China is important because it is one of the few stabilizing forces right now. If it also falls down, the world economy will be worse off than even the popular bearish views. From an investment point of view, if China ends up with a hard landing, capital goods exporters (e.g. Siemens, G.E.) and commodity businesses (e.g. ExxonMobil, Rio Tinto) would get absolutely killed. The current commodity price declines would seem mild compared to what would happen if China faces an economic crisis (note that the market is only pricing in a world slowdown right now, rather than a hard landing in China.) You are literally talking about prices possibly back down to what they were 5 to 10 years ago. There would also be political ramifications which I'm not going to get into.

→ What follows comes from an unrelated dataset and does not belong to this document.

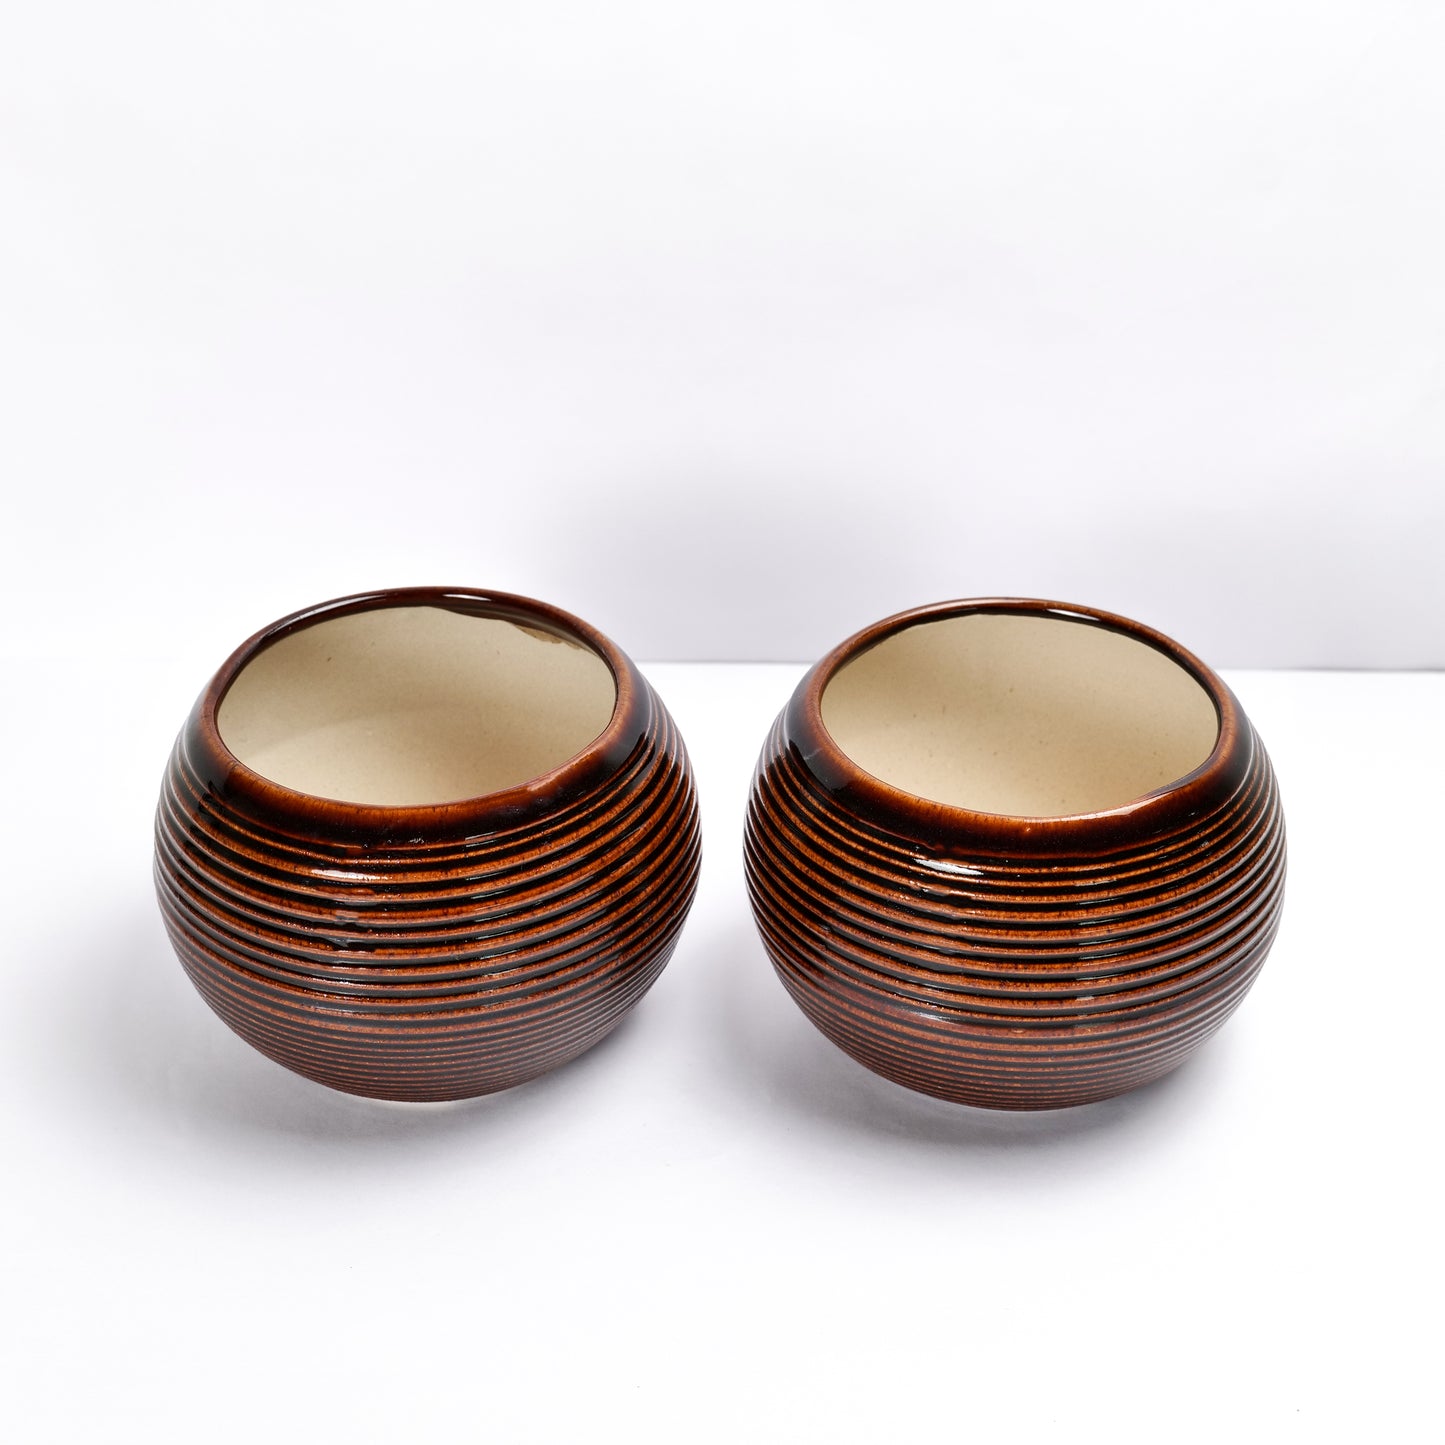 'Cinnamon Ridged' Ceramic Studio Pottery Planter Pot - artystagallery

Some think a hard landing is almost inevitable for China. We can include economists such as Nouriel Roubini in that camp, along with investors such as Jim Chanos and Jeremy Grantham. Then we have some who think the slowdown won't be drastic. Lastly we have some, such as Jim Rogers, who are agnostic to the outcome and are investing heavily through the uncertainty.

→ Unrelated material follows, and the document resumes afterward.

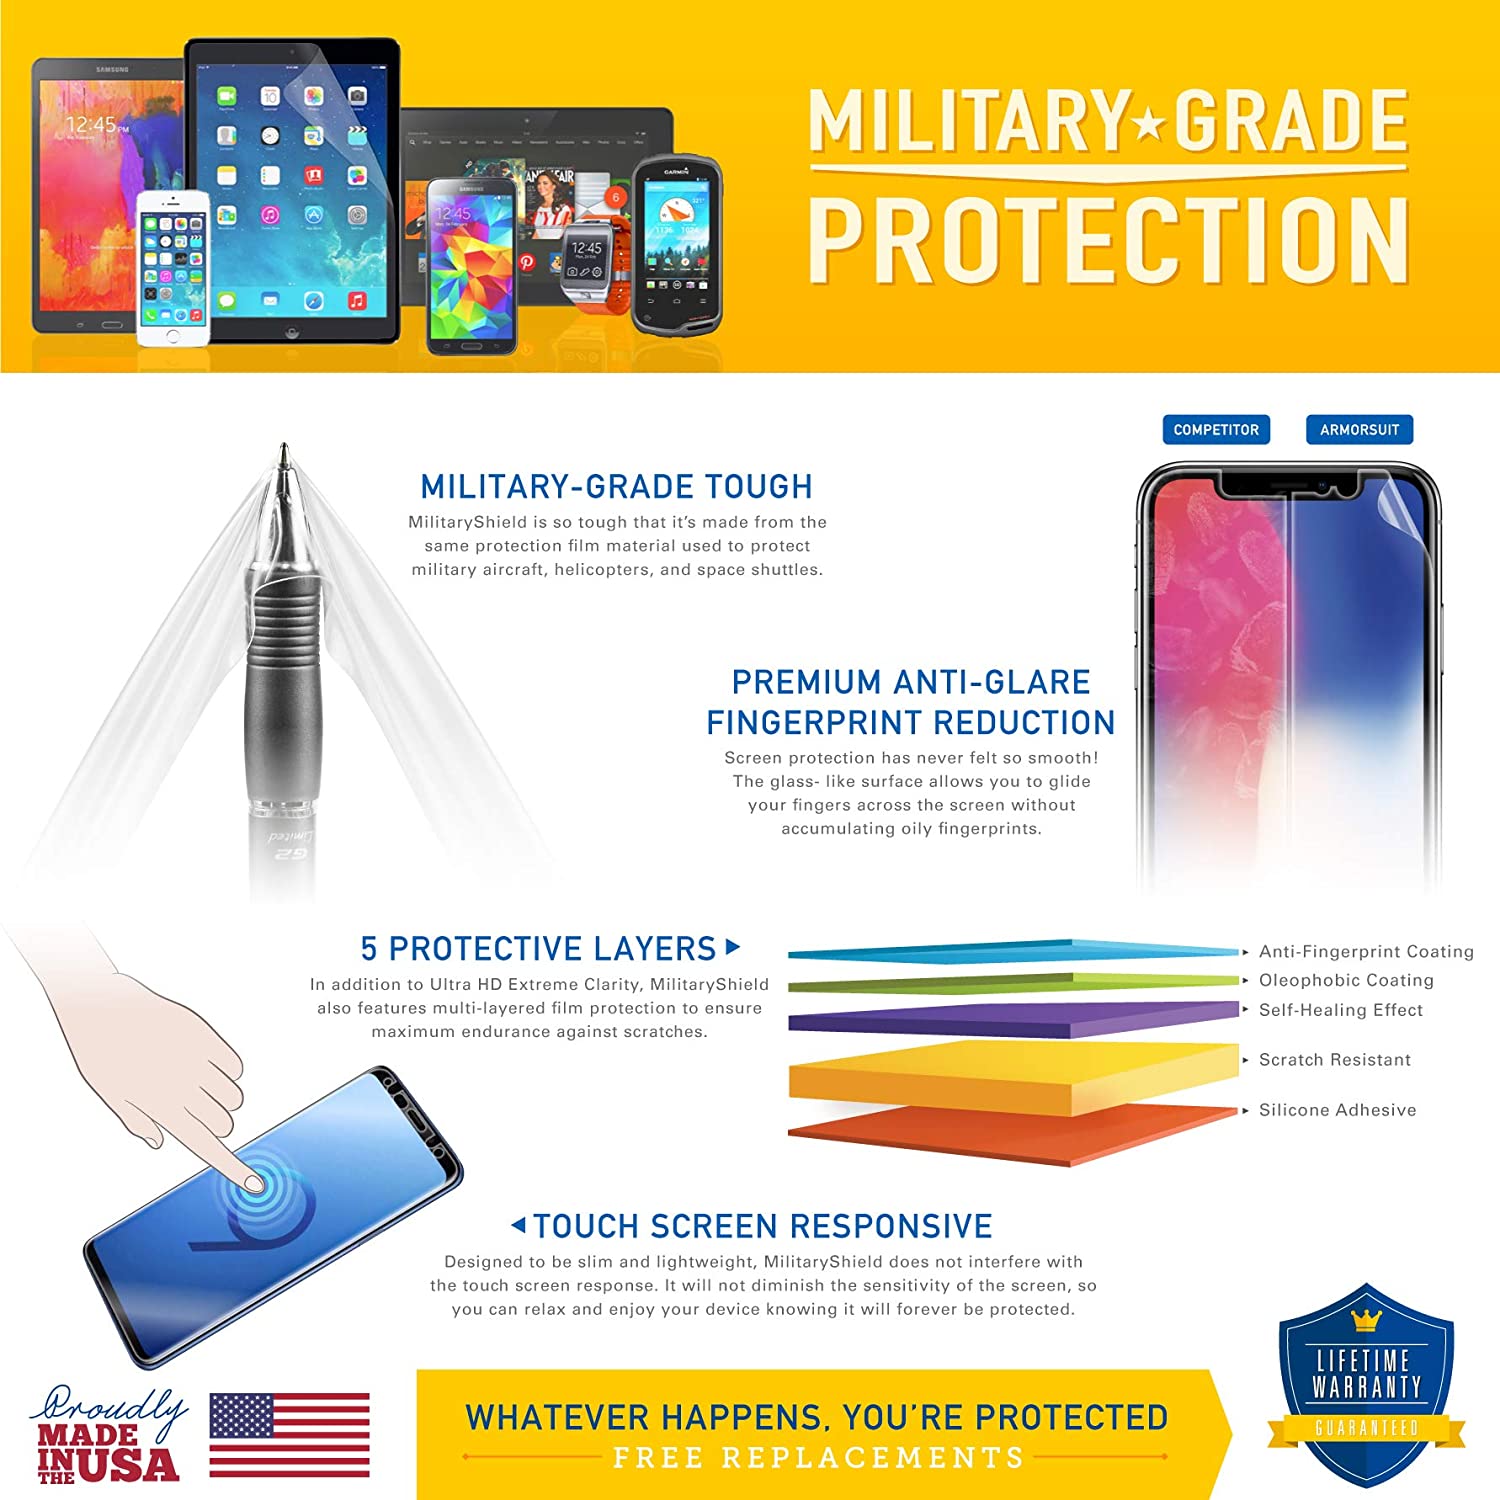 Motorola Triumph Screen Protector + Black Carbon Fiber Skin Protector

Yves Smith of Naked Capitalism summarizes the contradictory outlook from Nouriel Roubini and Bred Stetser in this post. If you have an interest in China or macroeconomics, it's worth reading that post for a contrarian non-consensus view.

Superbear Jeremy Grantham is also concerned about the possibility of a hard landing in China. In the first part of his October 2008 Quarterly Letter, Reaping the Whirlwind, he entertains the possibility of a hard correction in China (skip to the section Like a Bear in a China Shop on page 7):

...an amateur economist could summarize
and simplify the Chinese economy as 39-37-37: an
astonishingly large 39% of the GDP is capital spending,
37% is internal consumption, and an amount equal to
37% of GDP is exported. (These numbers do not sum to
100 as we are not using exports net of imports because
we are concerned with the vulnerability of total exports
to a weak global economy.) The U.S., in comparison, is
19-70-13, disturbingly on the other side of normal; 70%
consumption compared with 57% in both Germany and
Japan, for example, and nearly twice that in China. China’s
mix is of course an utterly unprecedented one, and comes
with great advantages in booming times. Now, however,
we might ask: how do you stimulate the building of a new
steel mill when rows of mills are sitting empty? How do
you increase exports into a global economy that is not just
slowing, but is unexpectedly very weak? And are they
good enough at stimulating local consumption to have an
impact on such a small percentage of GDP in the face of
a negative wealth effect from declining stock and housing
prices in their local market?

Simple old “Econ 101” thinking would suggest that their
capital goods sector will have a bigger drop than the rest
of the economy, and that export growth rates might slow
from very large to even nil or worse. The one openended
offset might be in Keynesian or Rooseveltian
government spending, upping their already massive
infrastructure spending by A LOT. (This is a specialized
economic term.) And they will surely do some of that.
On balance I find myself more and more convinced that
GMO 8 Quarterly Letter, Part 1 – October 2008
this is becoming our #1 disagreement with consensus.

I would say that the biggest difference between the China superbears and the bears--this discussion does not include the China bulls since we are looking at the downside--is the size of the export economy. It is also very difficult for non-professionals (or possibly even professionals) to know how "good" the Chinese economy is. On top of fictitious economic numbers published by the government (think Iraq and Bush administration,) no one knows how profitable Chinese firms really are. The accounting cannot be trusted and market signals, such as stock price performance, cannot be relied upon (the stock market is more akin to a casino over there.) Markets such as the bond market is very small or non-existent so that's also not helpful.

I personally don't have a strong view of China either way. I have been bearish due to what I perceive as bubbles in real estate, manufacturing, and infrastructure. But whether that leads to a correction or a massive bust is hard for me to say right now. Furthermore, unlike many other commentators or investors, I am very concerned about the political system. The market is in love with the political apparatus right now but I don't like the system so I don't feel comfortable investing there (investors love the system because totalitarian systems can be highly profitable for investors. Financiers, businesspeople, and others made a lot of money in Nazi Germany and Fascist Italy in the 1930's but it was a terrible system. Similarly, a lot of people are in love with Singapore but I would neither want to live there nor invest there without strong protections.)